Paul Ulhas Macneill and Bronaċ Ferran
This paper describes and discusses overlapping interests and concerns of art and bioethics and suggests that bioethics would benefit from opening to contributions from the arts. There is a description of recent events in bioethics that have included art, and trends in art that relate to bioethics. The paper outlines art exhibits and performances within two major international bioethics congress programs alongside a discussion of the work of leading hybrid and bio artists who experiment with material (including their own bodies) at the ambiguous intersections between art, bio art and bioethics. Their work seeks to engage audiences in challenging ethical precepts and assumptions about life and existence. We consider the response of art and social theorists and compare these with the responses of bioethicists to comparable cases in bioethics. We note divergent views within the arts and within bioethics in relation to some pivotal questions including questions about what limits, if any, can apply in particular cases and on what basis. This approach allows for a transfer of information and perspectives, challenges assumptions in both art and bioethics and opens up a space for future exchange and dialogue along the shifting borders between these genres.

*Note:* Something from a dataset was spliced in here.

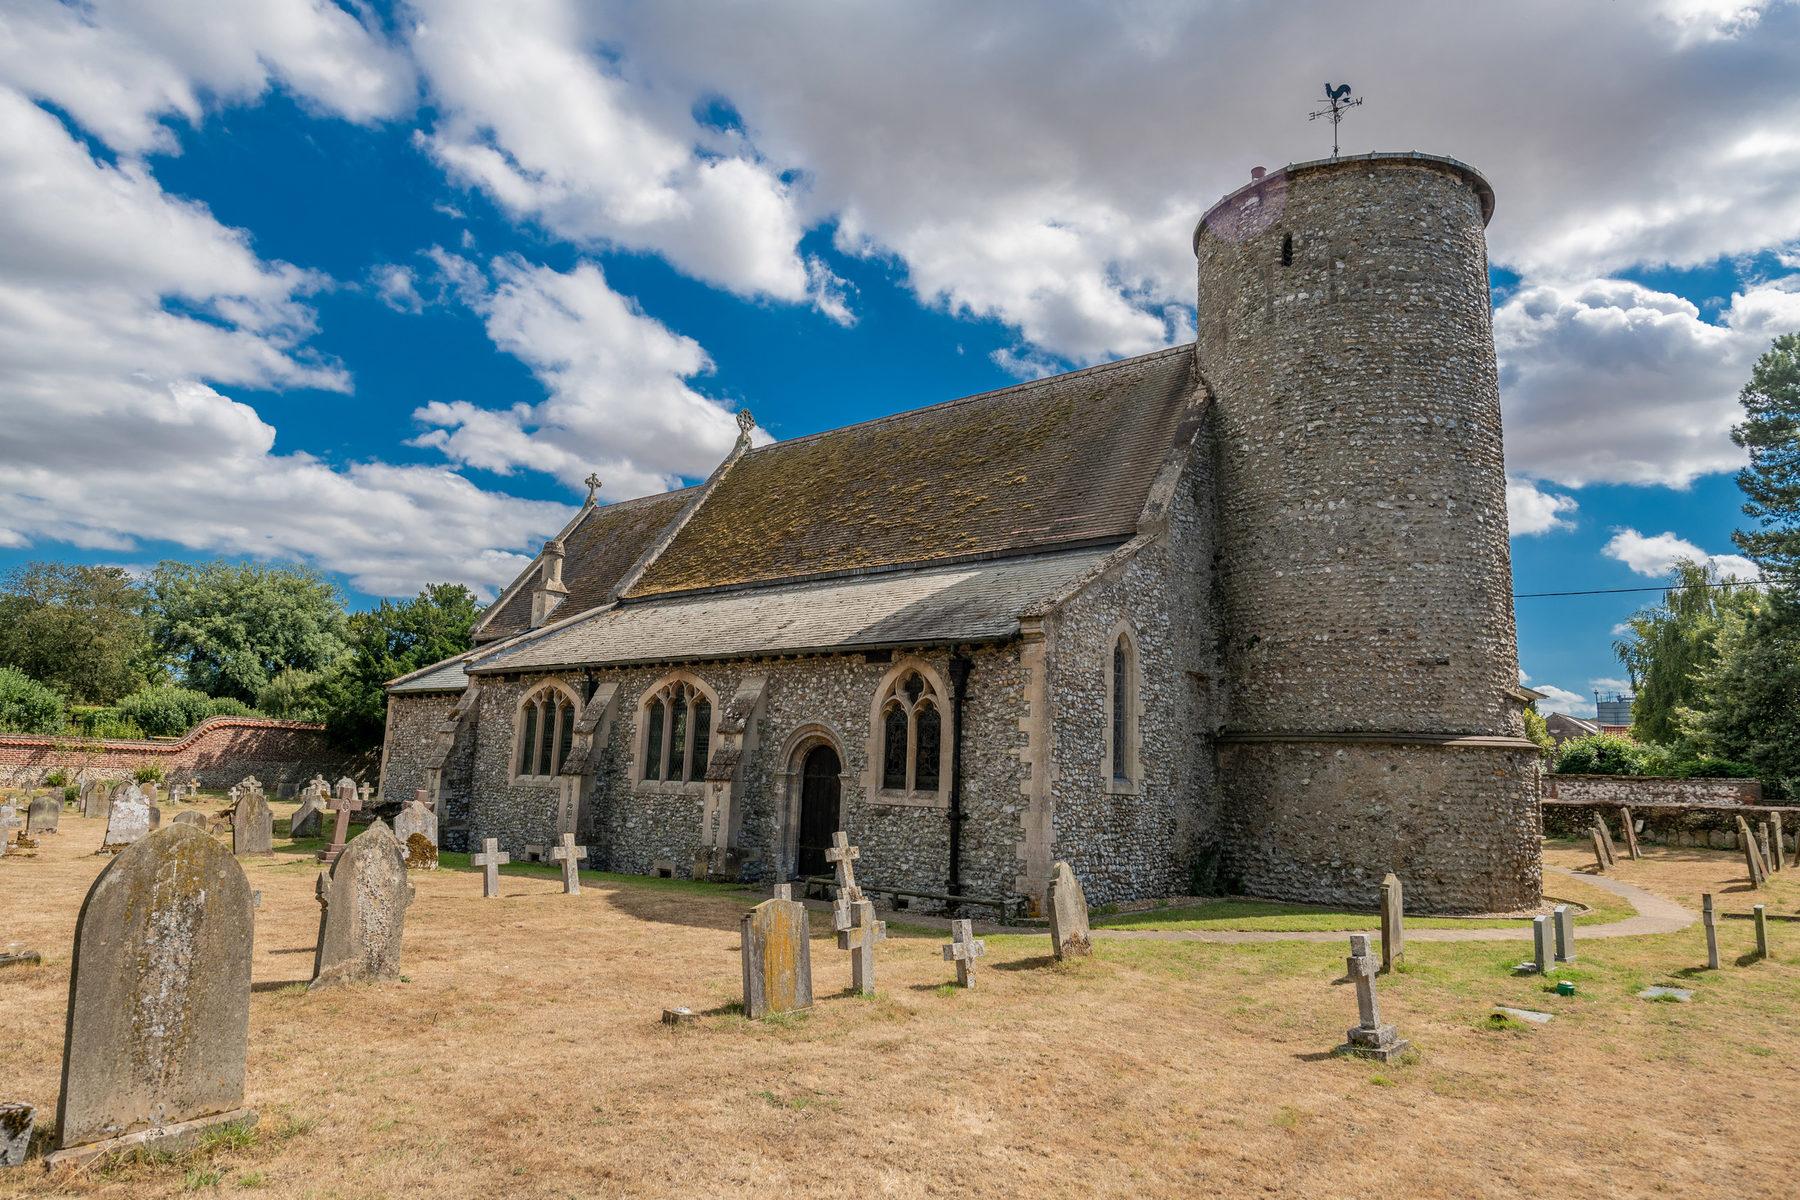 009 Burnham Deepdale Church 2018
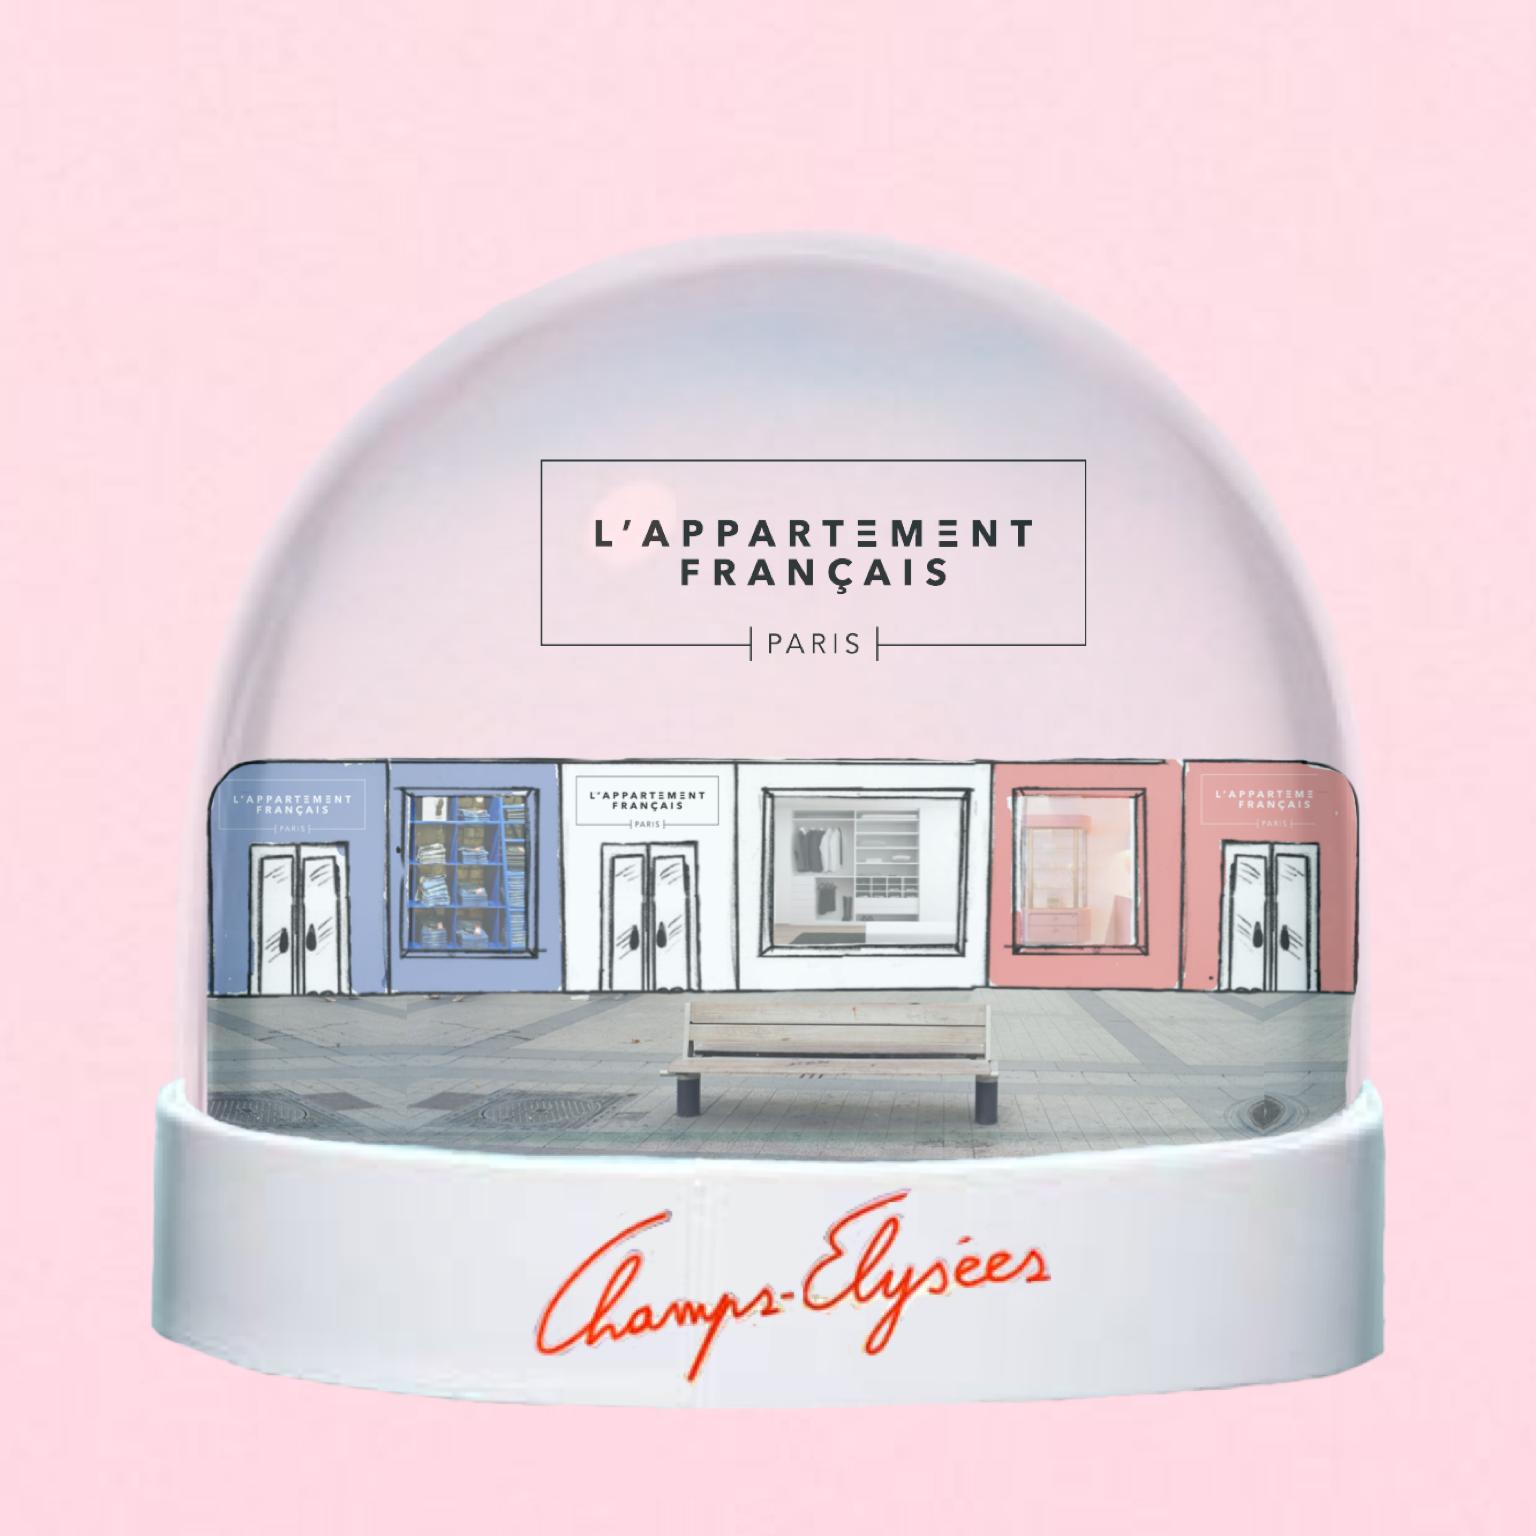 Retrouvez mes céramiques et livres sur les Champs Elysées - 26 Avenue des Champs Elysées !À partir du 16 novembre 2018 😀 🇫🇷#madeinfrance #consommerresponsable #consommerlocal #durable #mode #design #lifestyle #tousacteurs

One Flu Over the Cuckoo’s Nest: Comparing Legislated Coercive Treatment for Mental Illness With That for Other Illness
Christopher James Ryan
Many of the world’s mental health acts, including all Australian legislation, allow for the coercive detention and treatment of people with mental illnesses if they are deemed likely to harm themselves or others. Numerous authors have argued that legislated powers to impose coercive treatment in psychiatric illness should pivot on the presence or absence of capacity not likely harm, but no Australian act uses this criterion. In this paper, I add a novel element to these arguments by comparing the use of the harm to others justification for coercive treatment in mental illness with its use in illness due to infectious disease, and suggest a double standard applies. People with mental illness are subjected to coercive treatments at levels of risk to others far, far lower than would precipitate coercive treatment in people with influenza. In effect, this element of mental health legislation represents an example of sanism—state-sanctioned discrimination against people with mental illnesses.